Now let me back up a little. I do feel there is a lot of value in the positive psychology movement. I believe that what we focus on we tend to attract more of and gratitude goes a long way. I also believe that how we react to things has a greater impact on our happiness than the circumstances themselves.
That said, I also believe that bad things happen to good people and those people have the right to feel their own feelings about it.
The danger to me with focusing only on positive thinking is that it can send the message that if we just stay positive enough, good things will happen. This then leads to the risk of implying that if bad things happen, the person wasn’t thinking positively enough, or they needed this event to learn something.
Not to say that we can’t learn from all of our life experiences, but there are certainly some things that happen that no one deserves. When a person experiences the natural grief, anger or depression that accompanies such an event, they need to go through those feelings in order to move on.
I hear people say things like, “She’s so strong, she handled that so well,” and I wonder what exactly they mean by that. So often they mean that she hardly showed any emotion at all. Now everyone has their own way of processing grief, and some are very private about it. If that is your approach and it works for you, there is nothing wrong with that.
Others, like myself, have to process it out loud to as many close people as possible. That is OK too. The problem comes when you don’t process it at all and just push it aside in favor of more “positive thinking.” It may work for a while, but it is bound to come back.
My other concern is the idea that if we just focus on positive things, positive things will happen. This takes action out of the equation. Positive change requires both thought and action.
So if you are stuck in a negativity loop, what are some things you can do? One process I’ve taught for dealing with difficult feelings is the STAR process, which stands for Stop, Think, Act, Review.
Stop—First of all, give yourself a break! Accept the feelings and allow them to stick around a while. If you are grumpy, let yourself be grumpy for a while as long as you aren’t hurting anyone (including yourself). Take time for yourself to work things through.
Think—Once you’ve accepted your feelings, you can see and work through them more clearly. I find Nonviolent Communication (NVC) to be a great tool to use for this because it helps get to the root of negative feelings. There are four parts to NVC:
Observations—Take an objective look at the situation. Make sure that what you are observing is the existing reality without judgement.

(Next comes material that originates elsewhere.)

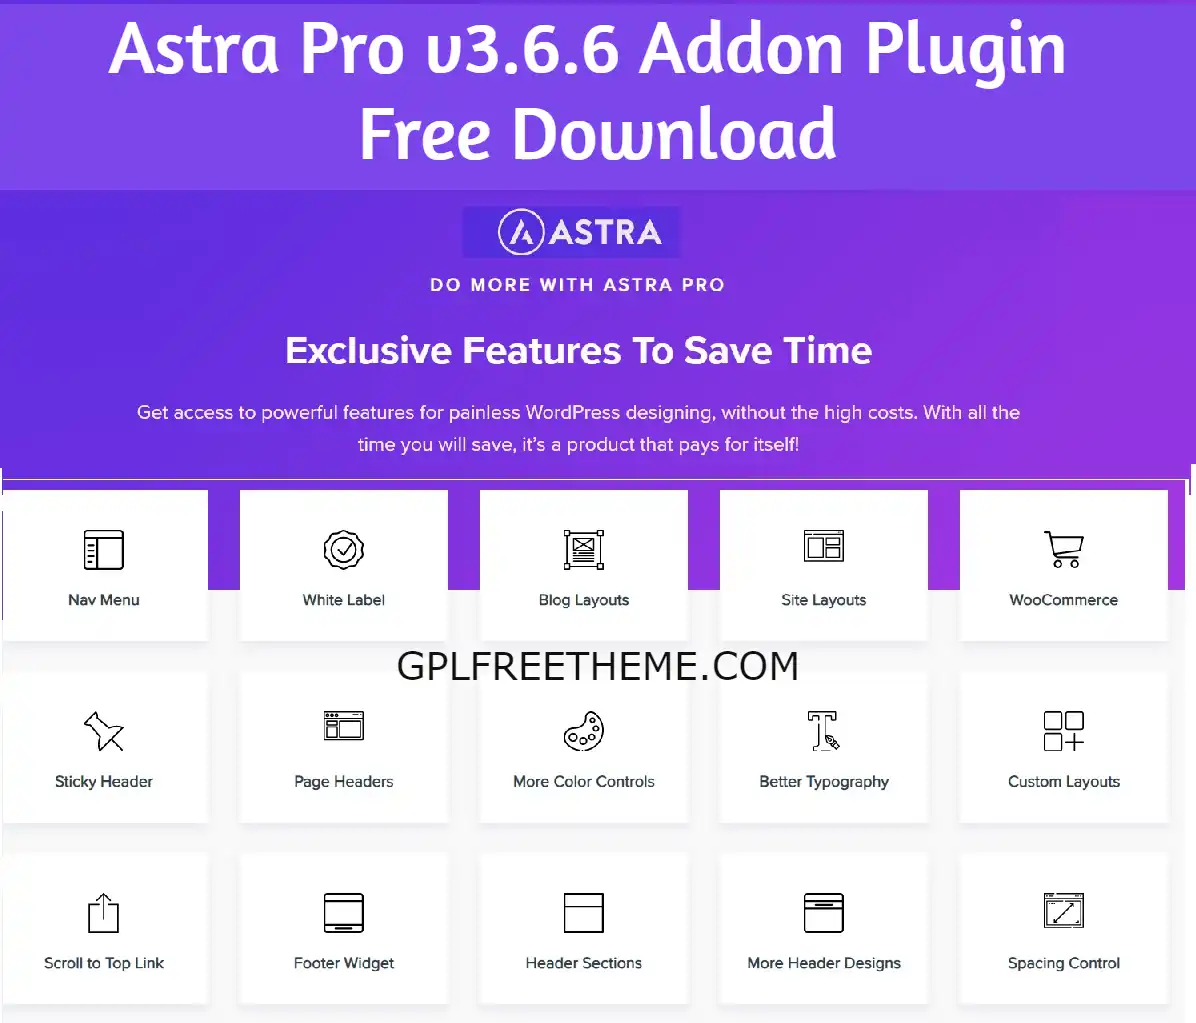 Astra Pro v3.6.6 Addon Plugin Free Download

Feelings—How are you feeling about it? Do not confuse your feelings (i.e., emotions or sensations) with your thoughts (which might involve judging or placing blame).
Needs—There is a reason you’re feeling the way you are feeling. What needs of yours haven’t been met? Without going back and changing the past, what can be done now or in the future to better meet those needs? Needs should not be confused with strategies, which are the possible ways to meet your needs.

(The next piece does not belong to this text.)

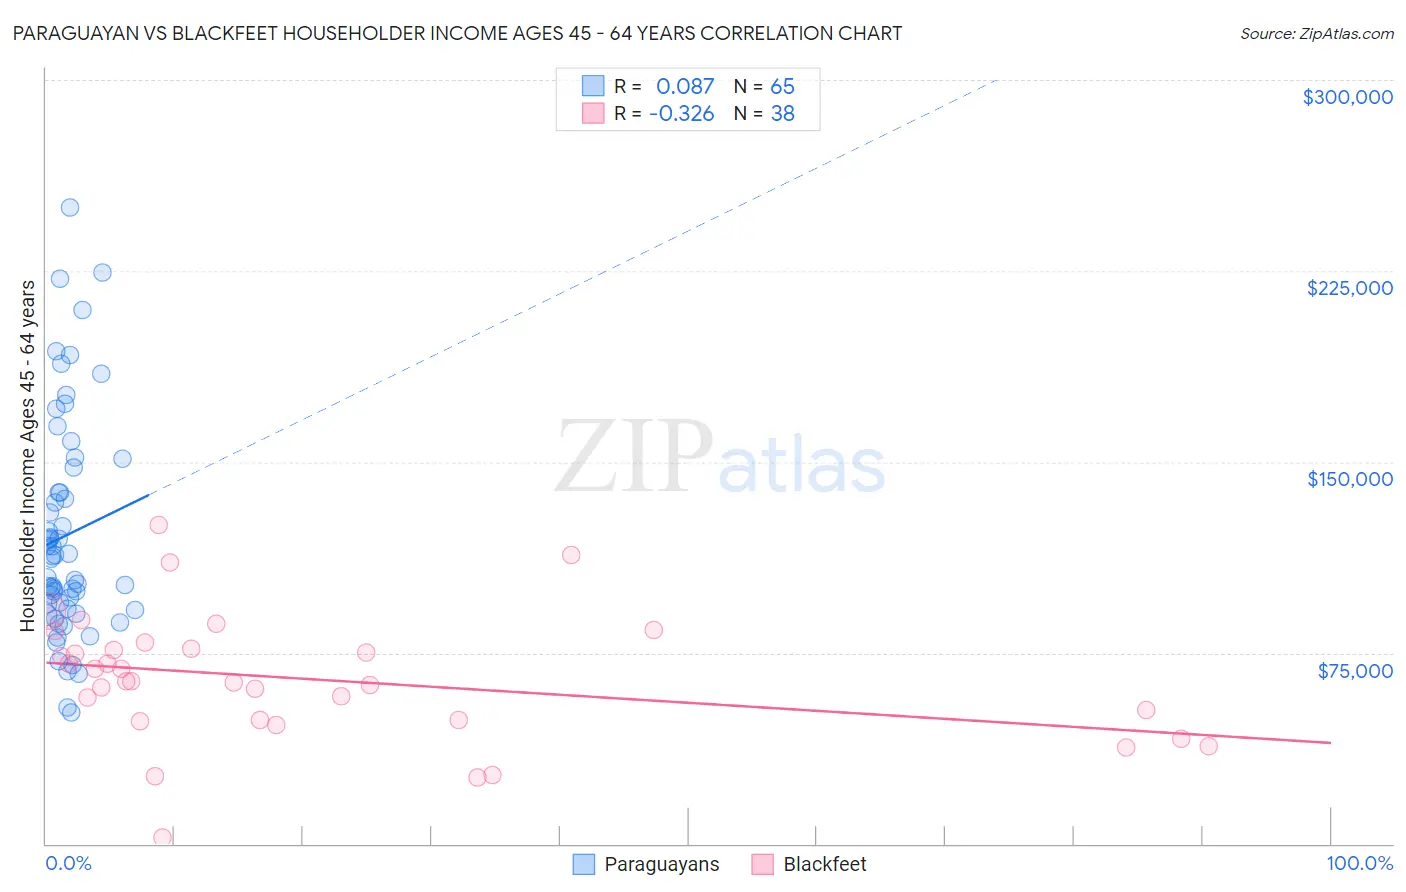 Paraguayan vs Blackfeet Householder Income Ages 45 - 64 years

Requests—Requests can be made of other people, or you can make requests of yourself. If you don’t take the time to understand your needs and express them, no one can help you.
Act—Take Action! Without action, nothing will change. Find something small and manageable to start.
Review—Once you’ve made a choice, go back and see how it worked. You can always go back and try a new strategy.
If you are concerned for a friend, the same steps can apply. Express empathy but don’t tell them how they should think or feel, or offer unsolicited advice. Accept them where they are at and offer your support in whatever form they request.
By all means, focus on the positive, just give yourself and others room to feel all the feelings.
The next time you are feeling blue, instead of pushing those feelings aside in favor of “positive thinking,” try using the STAR steps: Stop, Think, Act, Review, and see if it helps you to use your feelings as guides to better meet your own needs.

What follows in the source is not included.